The project investigates the professional and intellectual networks (economists, sociologists, political scientists, demographists, journalists, NGO members) and their understanding of the processes of globalization and de-globalization between the late 1970s and the mid-2000s.

It focuses on three specific case studies: Italy in the culminating point of the Republic of Parties and its crisis; Hungary in the late and post-communist period; the Yugoslav Federation in the phases of late-socialist crisis, dissolution, and the successor states’ transitions. Through examining the elaborations of reform-minded intellectuals in these countries, the project assesses how they conceived and shaped internal transformations, and how they responded to the common challenges of globalization and de-globalization.

The project’s time span is here defined as the “Inglorious Thirty”, which is identified as a period when phenomena of financial and technological interdependence, political cooperation and European reintegration coexisted with trends of economic crises, social insecurities, democratic delegitimation, populist and nationalist fragmentation. Contrary to common dichotomous assumptions of globalization vs. de-globalization as mutually opposed processes, the project aims to provide a more dynamic and inter-related analysis of these phenomena in both analytical and historical terms.
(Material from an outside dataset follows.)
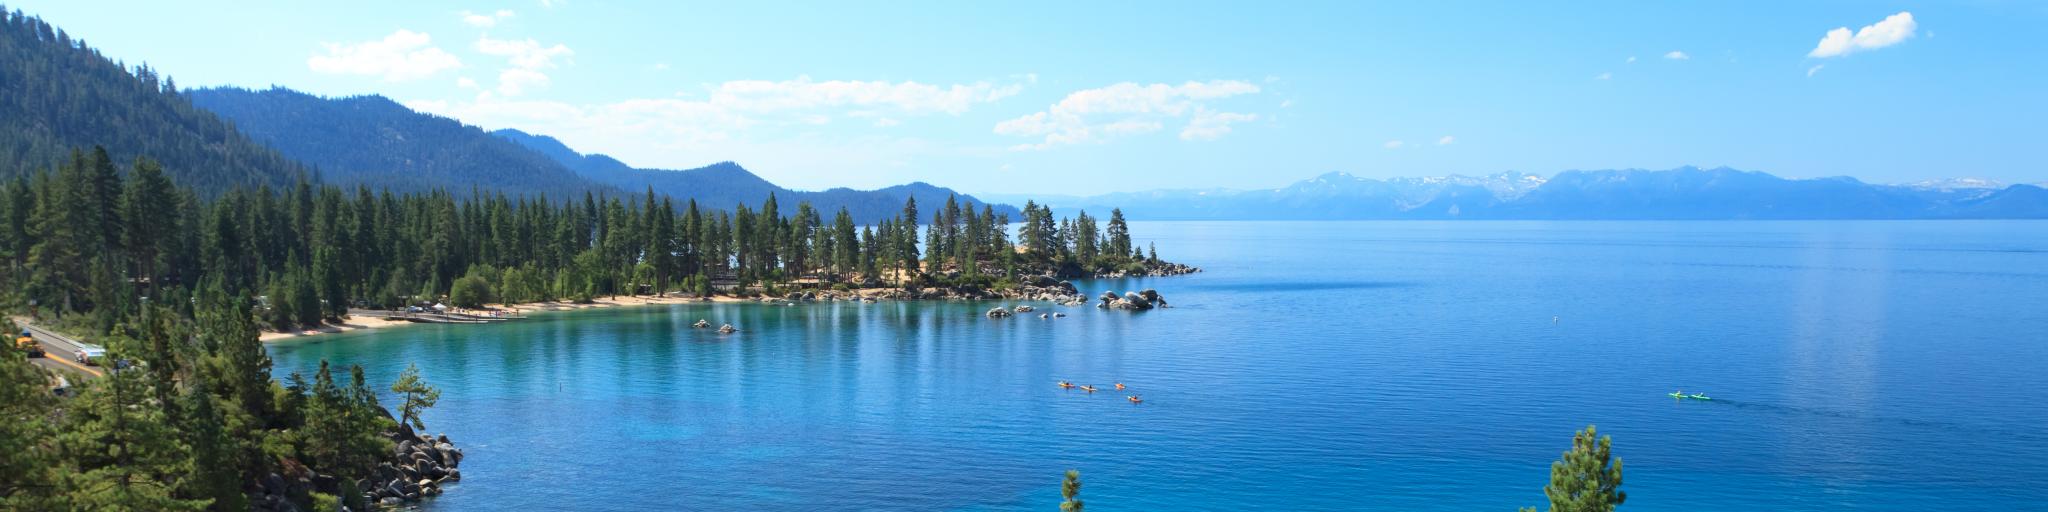 Crystal clear still waters and boulder beach of Lake Tahoe in California

The project also intends to overcome the usually rigid analytical distinction in contemporary and present history between the Western and Eastern Blocs. It rather emphasizes the regional and sub-regional dimensions of transitions and transformations, shedding light on a range of common problems related to (de-)globalization that all these three countries had to tackle: transnational circulation of capital and goods; financialisation and external debt; inflation and austerity policies; role of international institutions; EEC/EU integration; regional imbalances. A transdisciplinary and comparative perspective is offered, combining intellectual and political history approaches with inferences from political science, sociology, and macroeconomics.

The project is supported by the Università degli Studi di Firenze through co-funding of the NextGenerationEU and the Cassa di Risparmio di Firenze.